*Work required*: Pictures are not part of the copy. Set down exactly the lines from the one containing "Kraamcadeau Geboorteladder Lola" through the last line of the material below.

*Provided data*:
%%

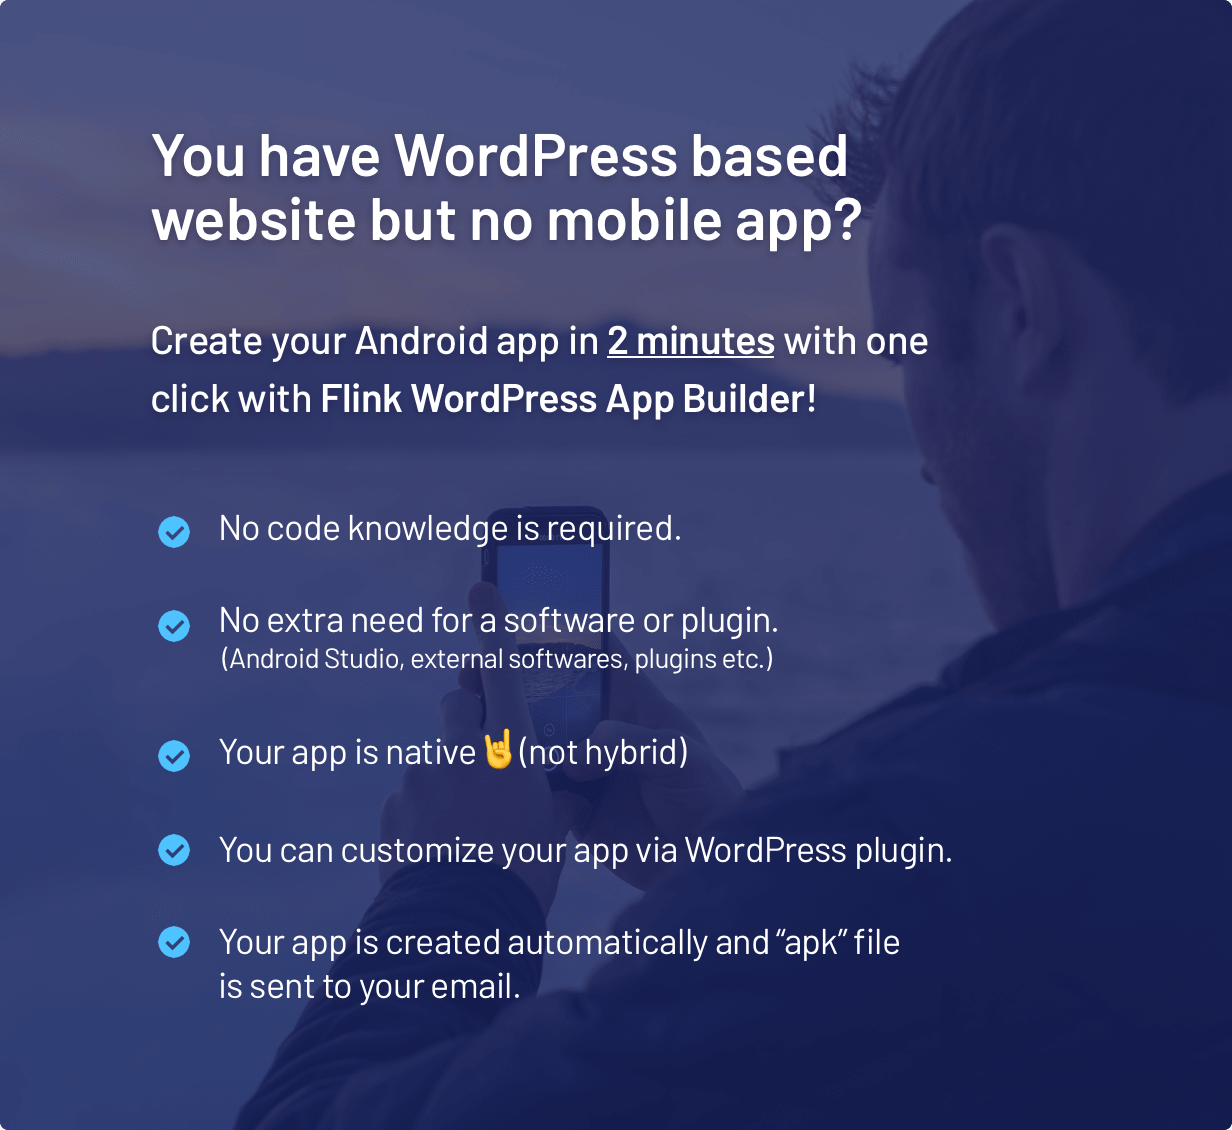 Flink - WordPress App Builder (Auto WordPress to Native Android App) + Ultimate Admin Panel - 1
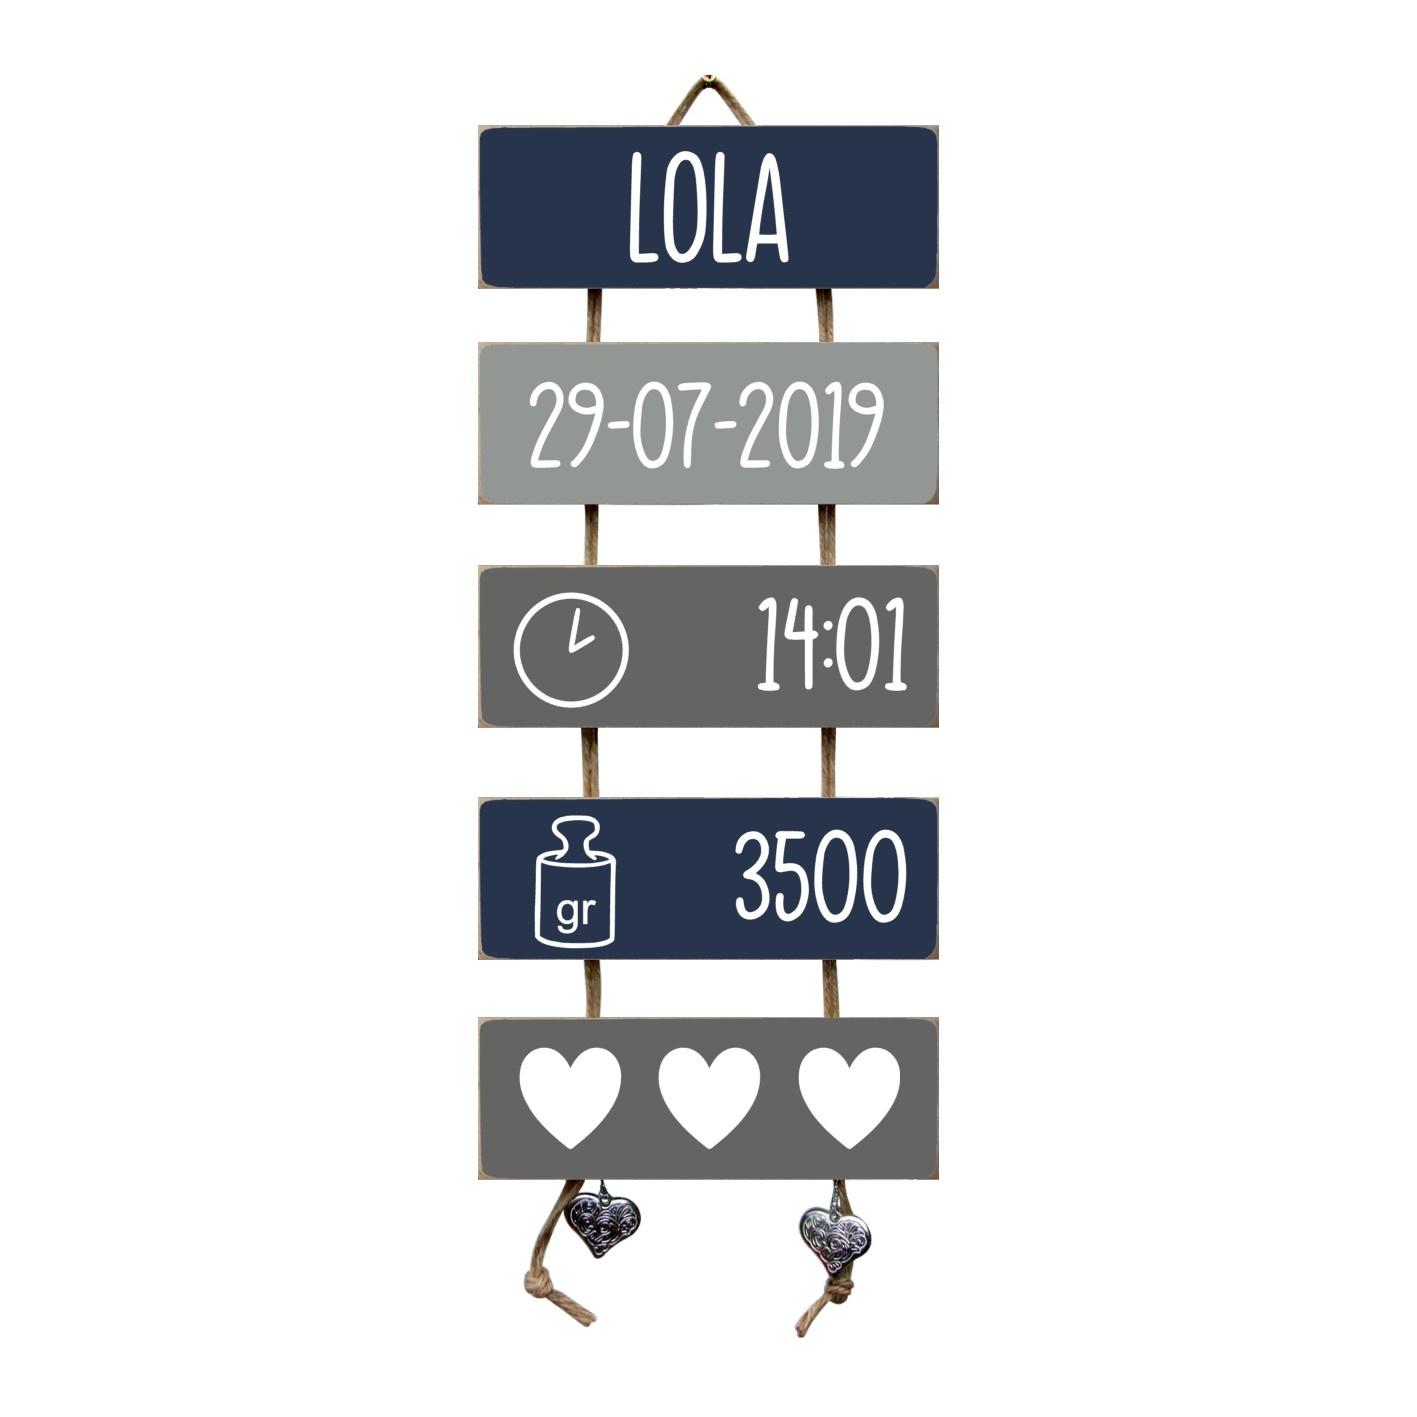 Kraamcadeau Geboorteladder Lola donkerblauw/grijs
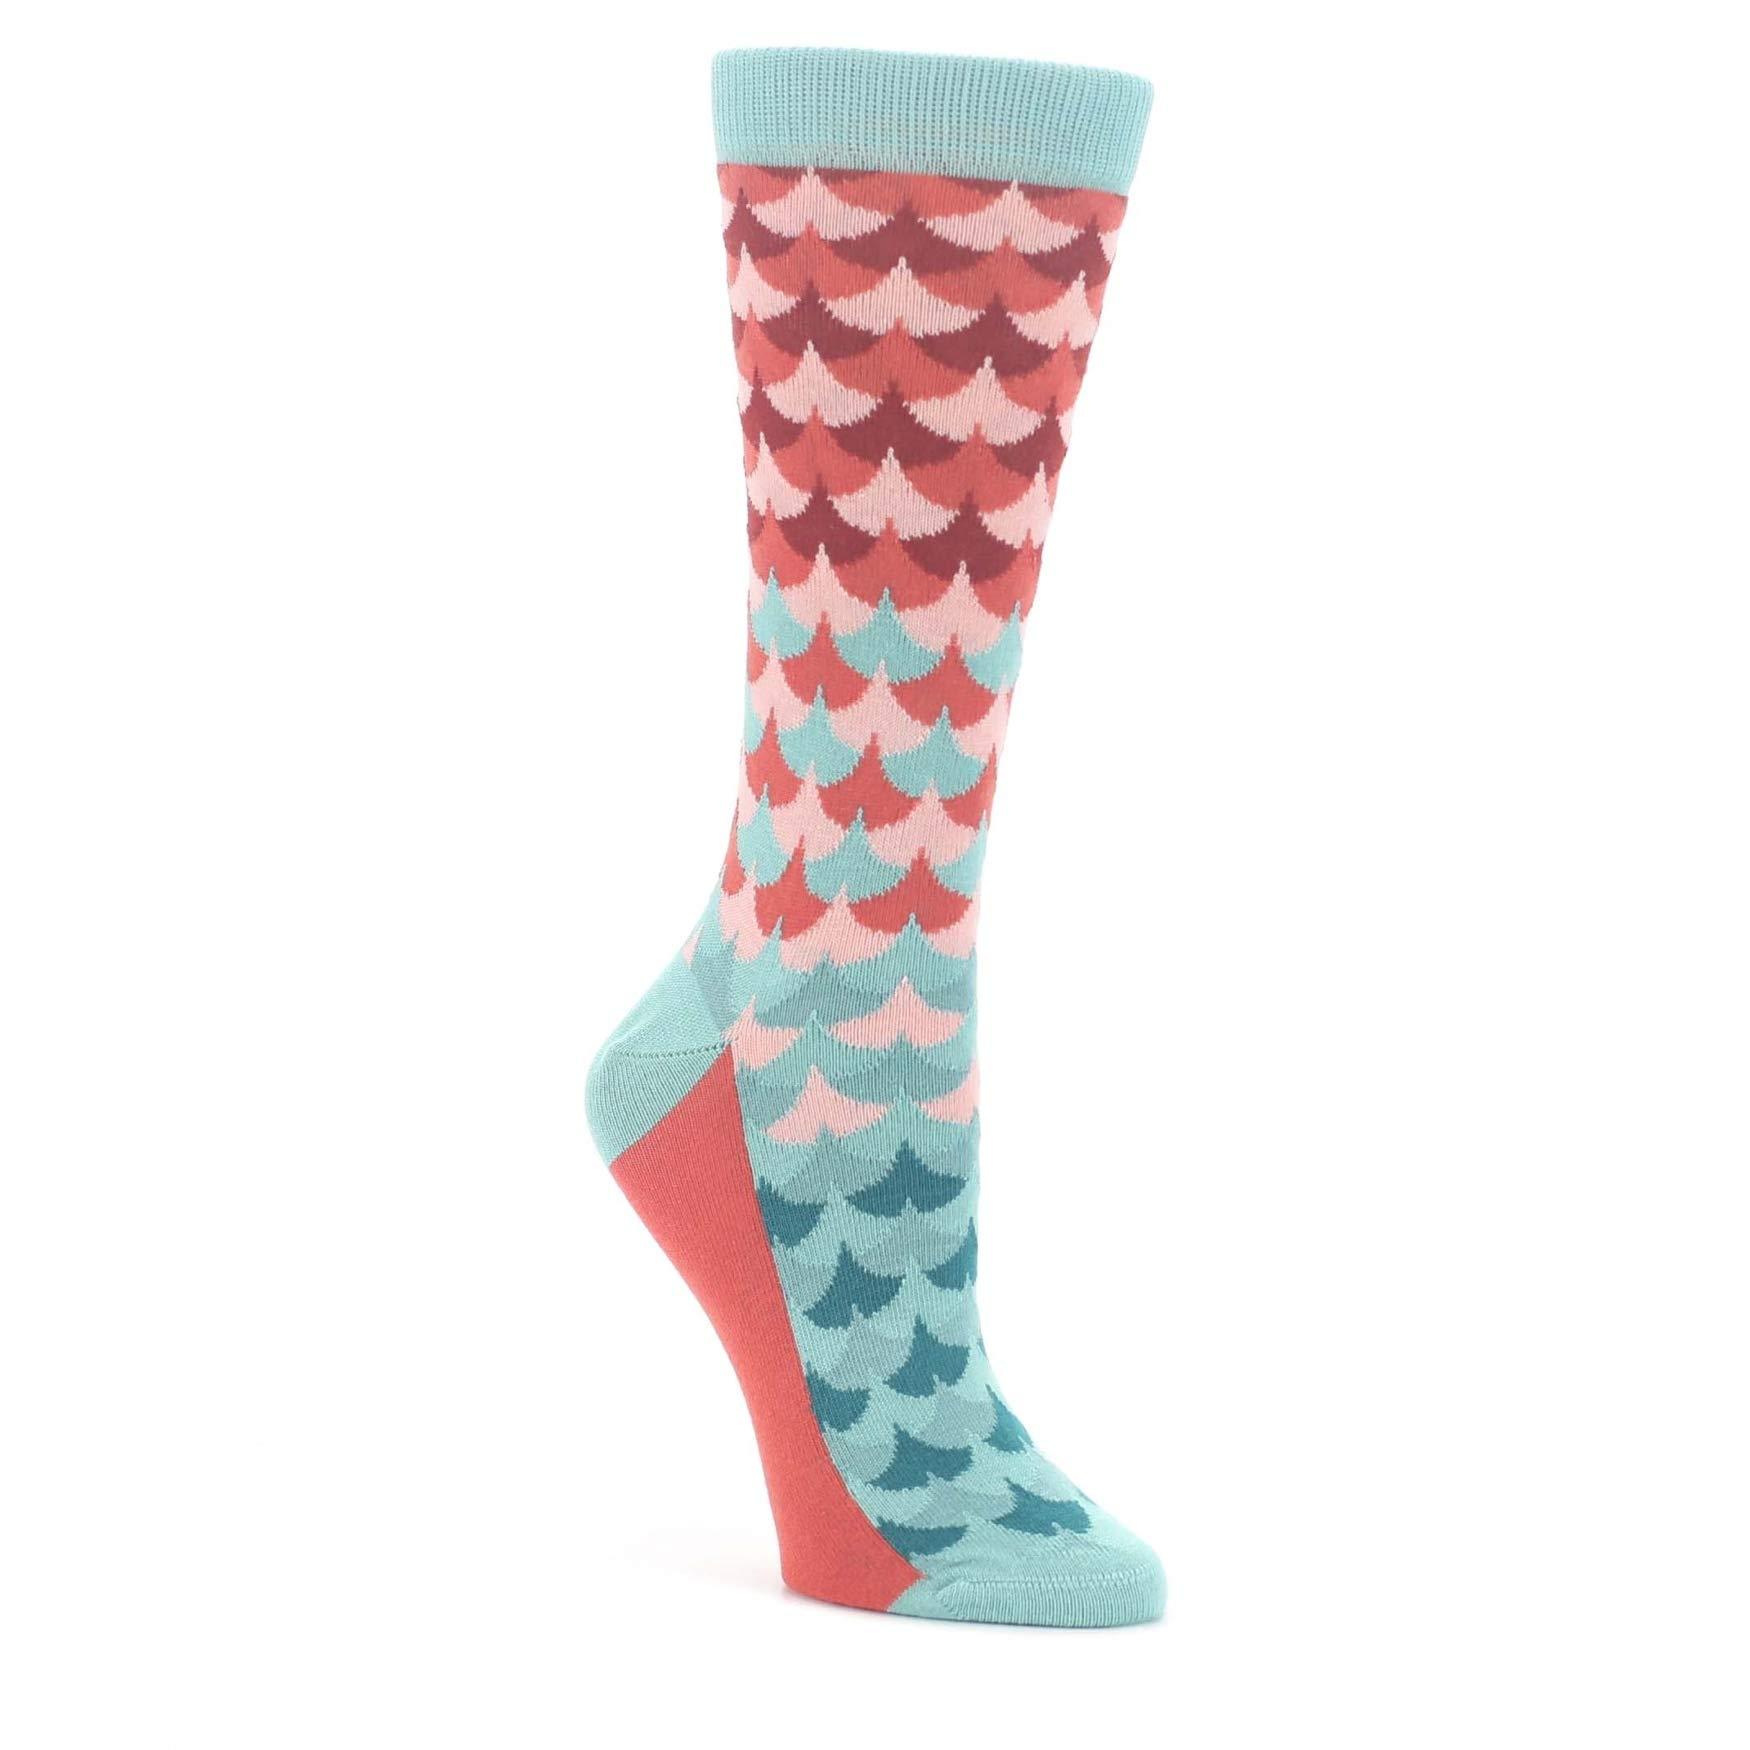 Teal Red Mermaid Scales Women's Dress Socks - Statement Sockwear

%%

*Answer*:
 Kraamcadeau Geboorteladder Lola donkerblauw/grijs
 Teal Red Mermaid Scales Women's Dress Socks - Statement Sockwear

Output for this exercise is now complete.